Investors have to bear the brunt as markets began long slither downhill journey which unnerved even the most seasoned investors. The valuations were tossed like a paper in a storm. The businesses came to a standstill. The thick clouds of uncertainty enveloped the world economy.

Investors must remember that a bull market can last for a decade, but bear markets have short shelf-life. Historically, even the worst bear maker has not lasted beyond 300 days. Uncertainty and investing share an eternal bond of friendship, remember, the best things are born out of misery.

Whatever the cost of economic uncertainty, in the long term markets tend to be positive. A smart investor is the one who thinks logically, and not irrationally. After a 369% rise in a decade, the fall of 30% should be celebrated. Instead of panicking and trying to fight the market, one must take a step back and let the volatility run its course.

A smart investor is aware of the treacherous nature of the markets. In times of volatility, he tries to find another route to victory. The best response to volatility is not to sell off investments, but to rebalance the portfolio to protect long-term goals. Rarely good stocks are available at a discount, and the present correction has provided a rare opportunity to accumulate good stocks at a sizeable discount. At a time when NIFTY is trading below its 10-year mean average, this can be one of those rare opportunities that present itself after every few years.

Wealth is not created by predicting peaks and bottoms. It is created by discipline. When it comes to investing, the time is now. If you are a SIP investor, you must set it and forget it. In a bull market, every investor feels he knows it all. Conversely, in bear markets, everyone feels like he has lost everything. Simply looking at returns every year is like having a gambler’s mindset, which can prove costly in the long run.

Investing is not about market levels. A blue-chip company available at a discount is a strong indicator to buy. Heavily discounted stock prices indicate irrationality, and markets are always rational, they will find the fair levels again. Successful wealth creators always take advantage of rupee cost averaging. This is the only strategy one needs to create wealth, and it is the one that works.
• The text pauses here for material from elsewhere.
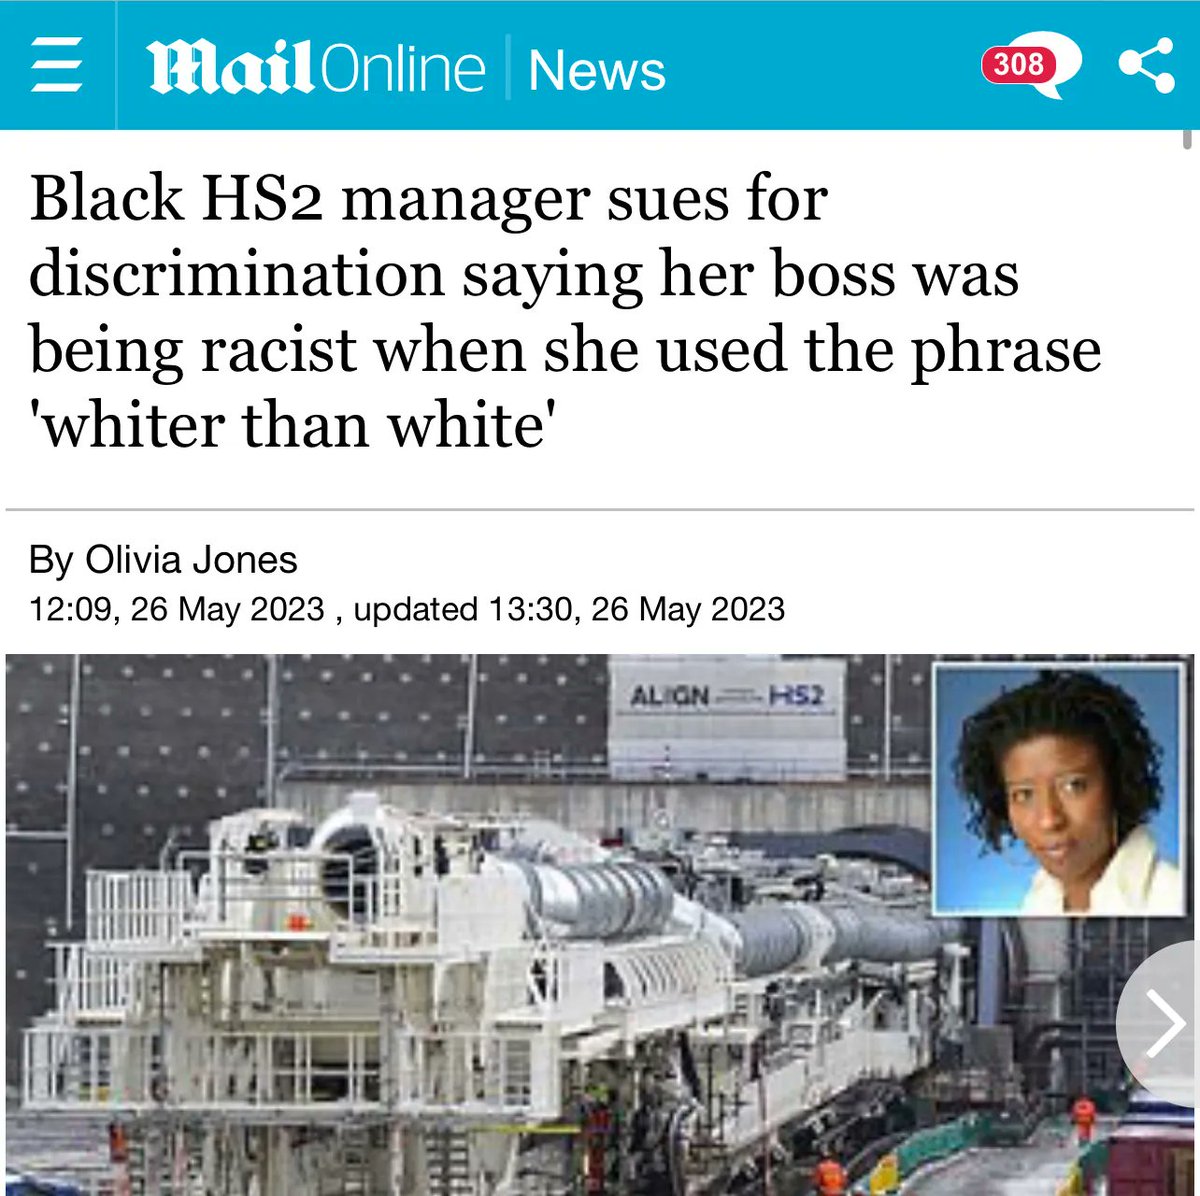 Good grief. ‘Whiter than white’ is an age-old British saying. It’s got nothing to do with race. What a grifter 😤

A realistic investor doesn’t expect overnight returns. He balances the impact of volatility through efficient asset allocation. In volatile times, the right mix of assets, i.e. equity and debt, helps to improve overall returns in the long term. For someone having an investment horizon of 20 years, volatility should not matter at all. In fact, a closer look at successful investors reveals that during frequent volatility, a 60/40 asset allocation strategy helps them to come out on top. A good asset allocation strategy wins because of compounding returns in the long term. The beauty of compounding returns is that it does not deviate substantially from the mean in a longer timeframe.

Just a look back in 2008 reveals that mass panic is the sign of an impending bottom. Markets are hard to predict. The best way to time the market is to remain invested in the market.

(By Abhinav Angirish, Founder, Investonline.in)

Disclaimer: Views are personal. Readers are advised to consult their financial advisor before making any investment.